GIVEN MATERIAL:
------------------------------------------------------------
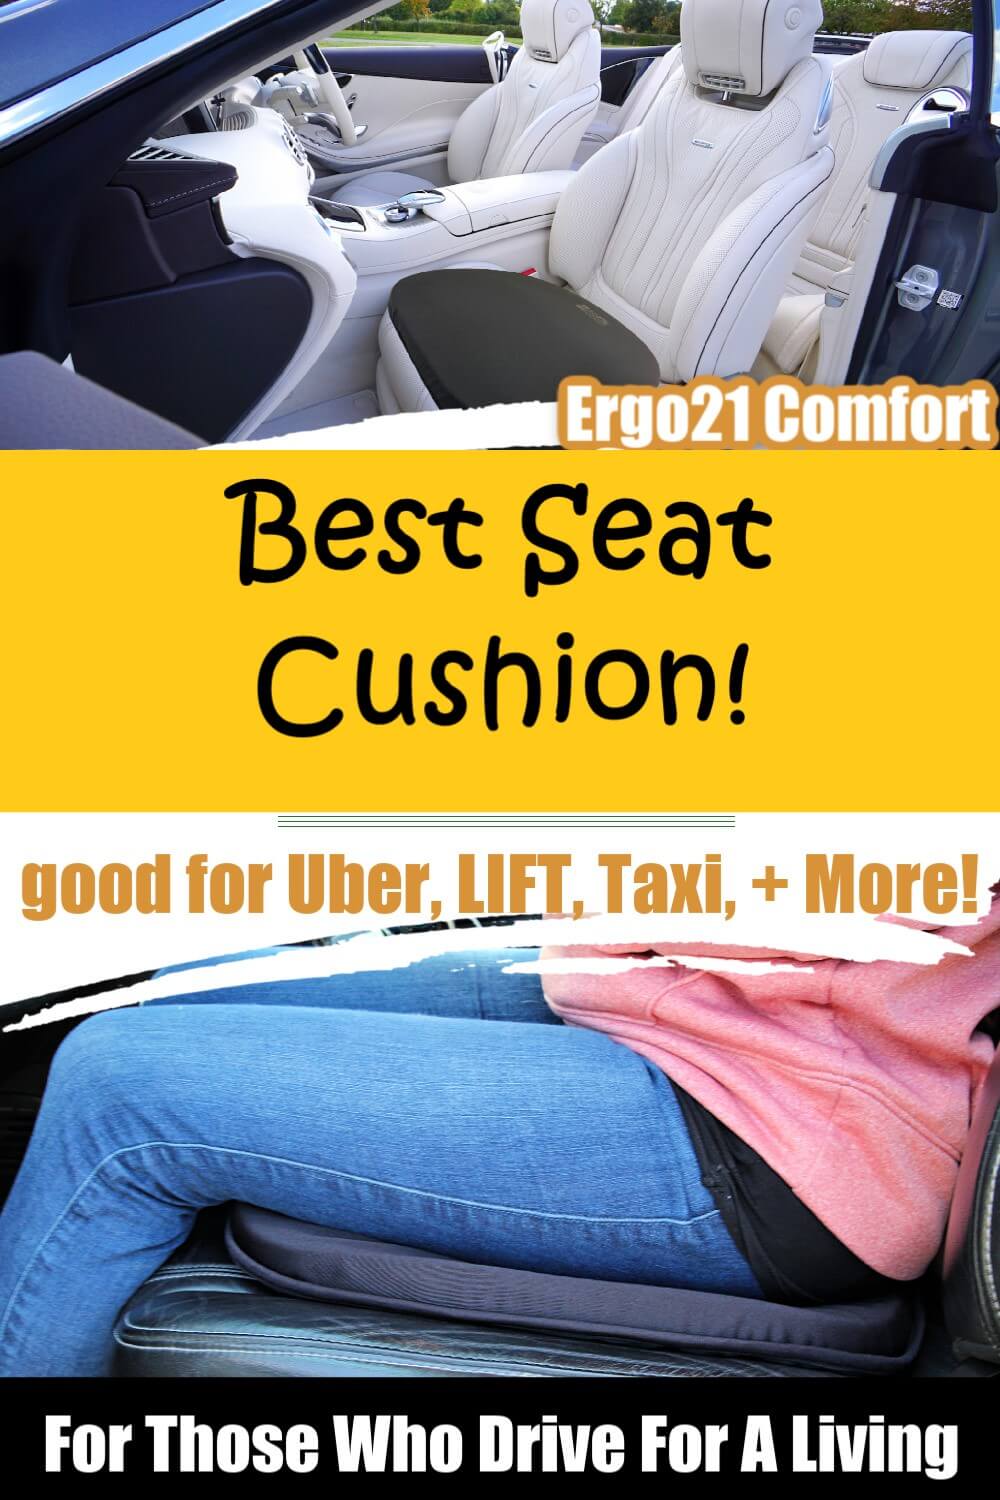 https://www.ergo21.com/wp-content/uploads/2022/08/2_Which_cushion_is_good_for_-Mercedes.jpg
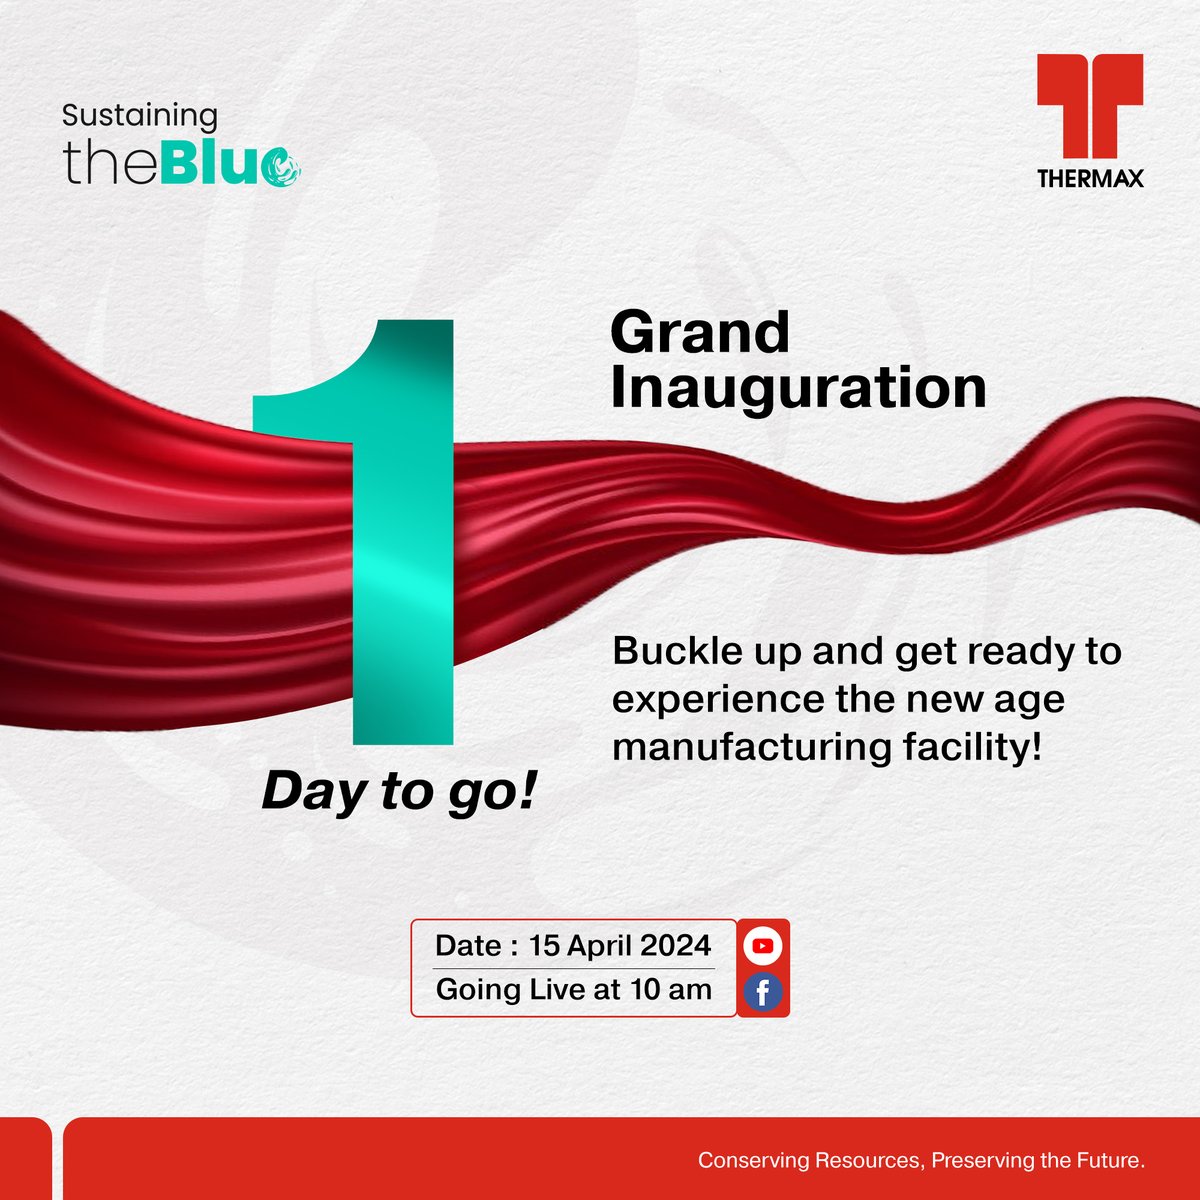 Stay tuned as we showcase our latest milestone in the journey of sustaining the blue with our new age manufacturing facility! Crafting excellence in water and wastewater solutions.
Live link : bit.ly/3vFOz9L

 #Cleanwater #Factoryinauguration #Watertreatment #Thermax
------------------------------------------------------------
ACTION ITEM: Output the lines above in full and exactly as given, omitting any pictures.

ANSWER TO THE PROBLEM:
 https://www.ergo21.com/wp-content/uploads/2022/08/2_Which_cushion_is_good_for_-Mercedes.jpg
 Stay tuned as we showcase our latest milestone in the journey of sustaining the blue with our new age manufacturing facility! Crafting excellence in water and wastewater solutions.
Live link : bit.ly/3vFOz9L

 #Cleanwater #Factoryinauguration #Watertreatment #Thermax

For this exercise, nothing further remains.